2
An Artificial Intelligence Agent Playing Othello
Author’s Name
Institutional Affiliation
Course
Instructor
Date
Introduction
Discussing some aspects of the assignment specifications in attempting to understand a particular point (Othello gameplay Othello Online, 2021)
Othello is a game that we want to make an application for. “Iago vs. Othello” (a pun on the Shakespearean tragedy “Othello”) is the name of this Java-based program. Spectators can watch any implemented artificial intelligence face off against each other, or two humans may challenge each other in a two-player match. A human opponent’s next move can be calculated over time using “traditional” search methods like Minimax and Alpha-Beta Pruning. All algorithms may be used in conjunction with different strategies. The next step was to test and evaluate the performance of our agents using a variety of algorithms, search depths, optimizations, and testing methodologies that we had developed and implemented. The next part introduces the theory behind the algorithms, the heuristic functions employed, and concludes by discussing the results and future developments.
The Agent
In a game, an agent is a player who can assess the current state of play and choose from the available moves. An agent uses a specific algorithm and strategy to determine the best course of action.
The algorithm
For the most part, the algorithms used in this project revolve around Minimax as their foundation. Based on Von Neumann’s Game Theory, this program picks one of his current movements and assesses its ramifications, i.e., how the game state would have evolved due to that specific move if it had been made. The algorithm understands the opponent’s turn as the players exchange turns (unless an exceptional circumstance arises). Thus, it picks a move from the opponent and assesses its effects before moving on to the next round, where new activity is determined. Once the algorithm reaches the point where it can no longer continue, the game is ended. To find out what further could be possible, it goes one step backward and selects other moves from the sequence that got it to that point (Hernandez et al., 2019).

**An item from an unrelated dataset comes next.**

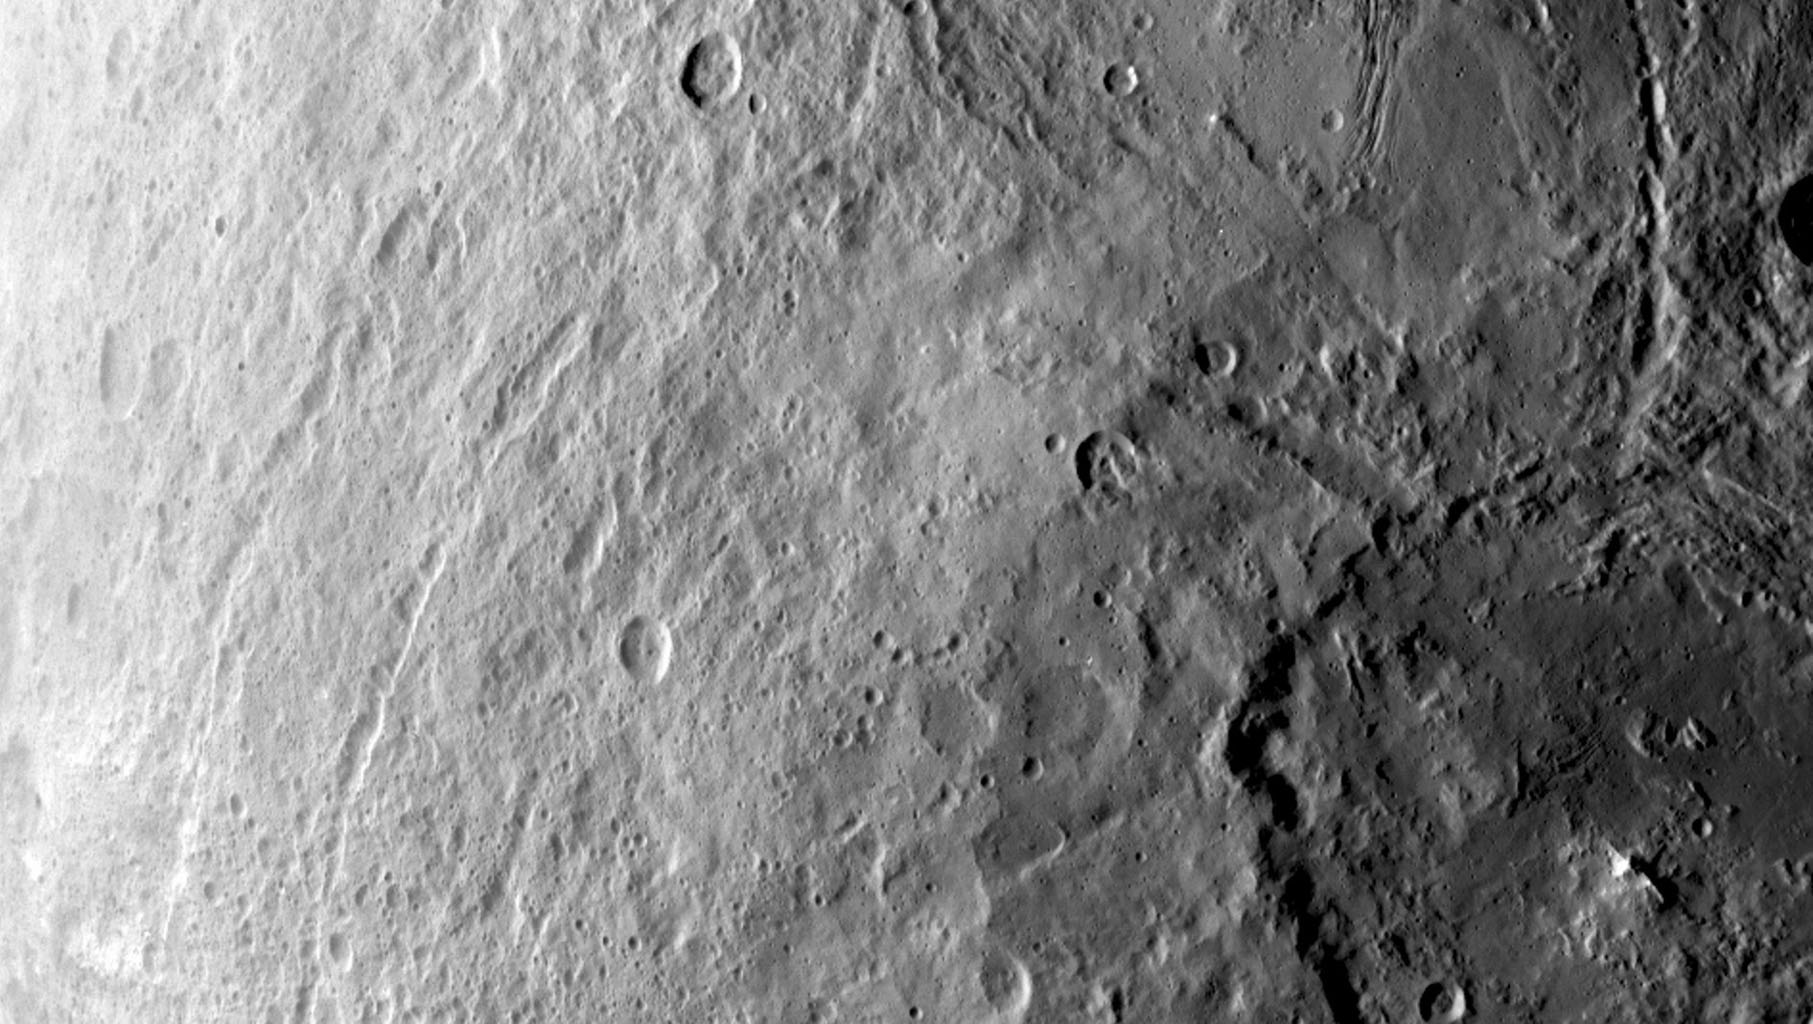 Dawn’s New Views of Ceres

These evaluations continue until the best game-over condition has been selected as objective (i.e., a state that means victory for the agent, or if no success is reachable, a state implies draw). The agent may now pick the first move that moves the game toward its goal since it understands the chain of events leading to it. With this method, there are two fundamental concerns. Both player and opponent movements are considered while deciding on a sequence; the agent may forecast the move their opponent will make, but it’s only a guess.

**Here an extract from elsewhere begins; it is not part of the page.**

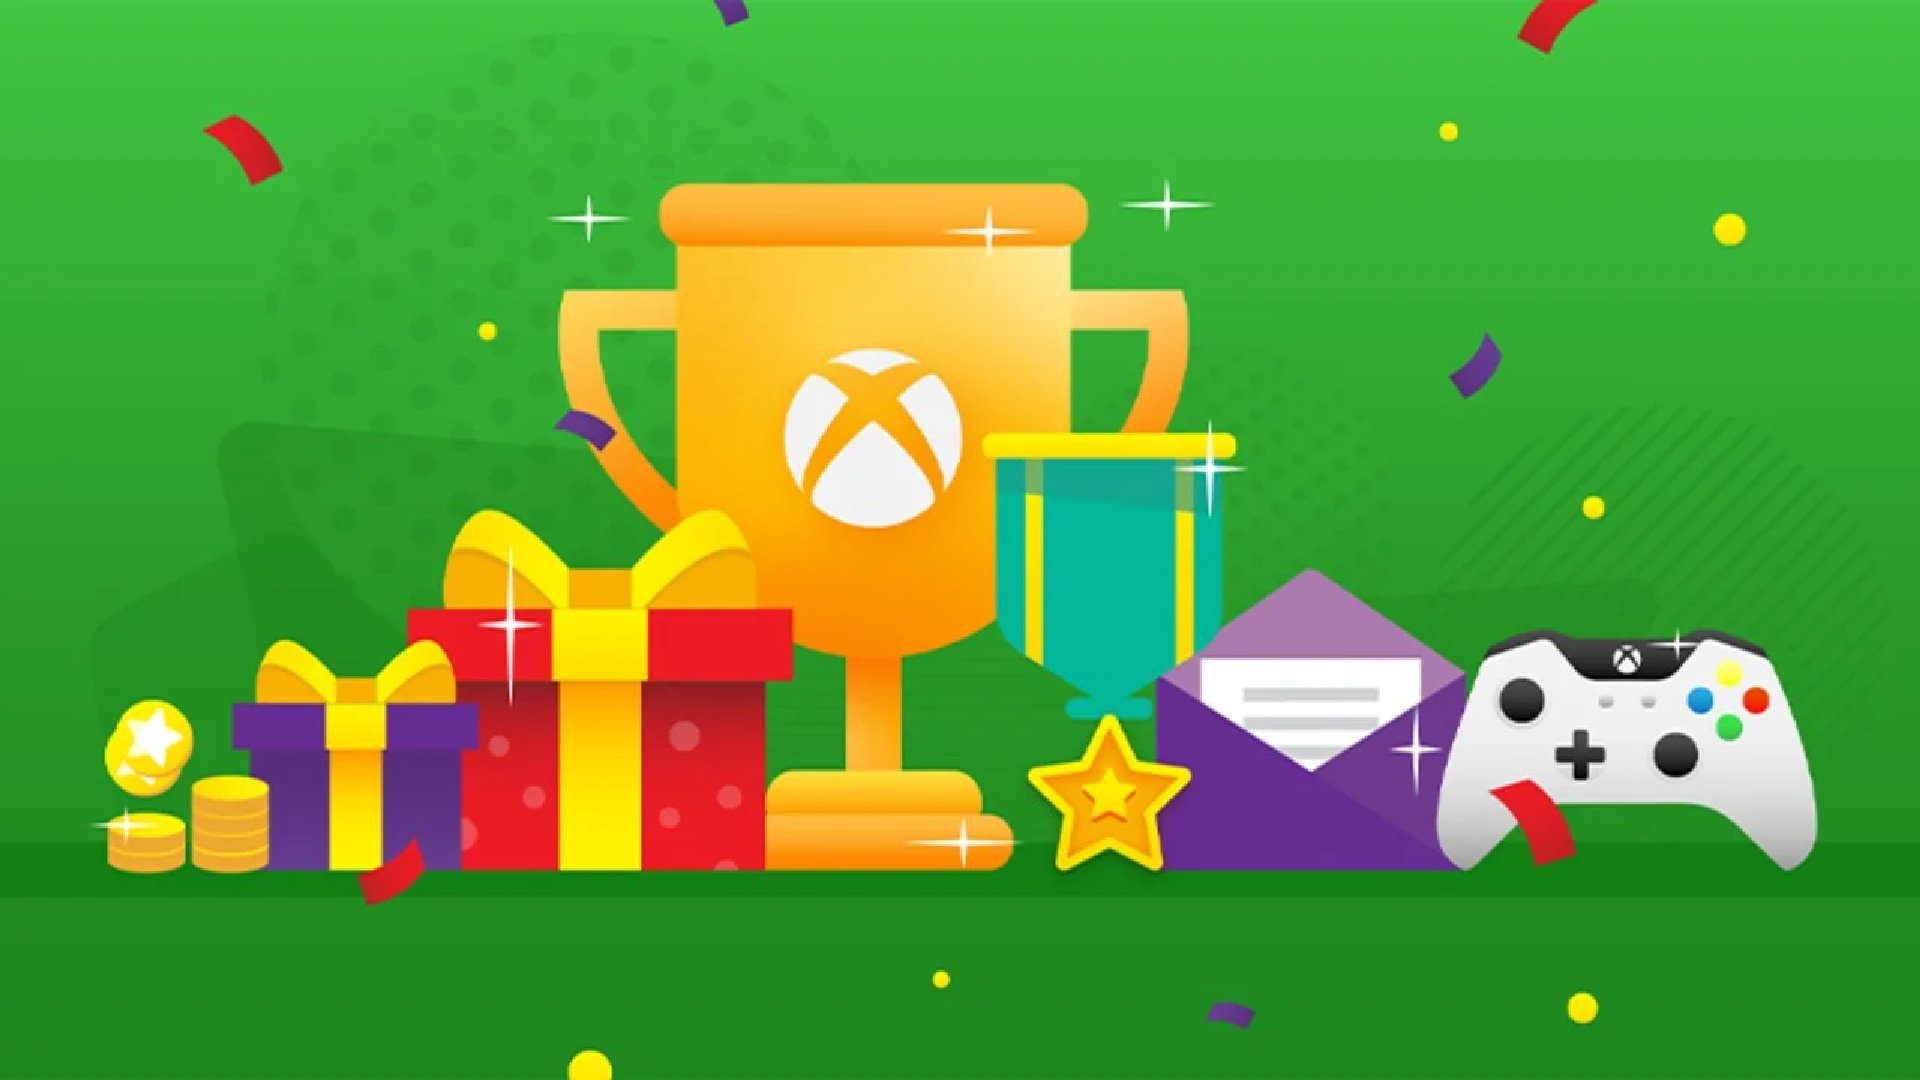 Microsoft implements a new way to earn Rewards points

The game will change if the opponent chooses a different choice. An optimum player (one who always strives to maximize their final points) works with the assumption that the opponent is an optimum player. So, the agent will select the opponent’s moves that reduce the agent’s score as the opponent’s moves (Hernandez et al., 2019). This is not a concern at all. Non-optimum actions can only lead to lower opponent scores and higher agent scores, so the player will get an unexpectedly high score if the opponent doesn’t make the best possible choices. This is because if there were a better strategy for minimizing the agent’s score, the opponent would have chosen it. The second difficulty is more challenging to deal with. Let’s pretend for simplification that there are ten possible movements at each phase, each of which might lead to a distinct game state of ten different kinds. Assuming all the potential 2-move sequences, there are 100 states. There are a total of 1,000 possible 3-move lines, and so on. Algorithm depth increases the number of states to assess exponentially. It has been predicted that for Reversi, with a maximum of 60 turns, there are roughly 1058 possible states.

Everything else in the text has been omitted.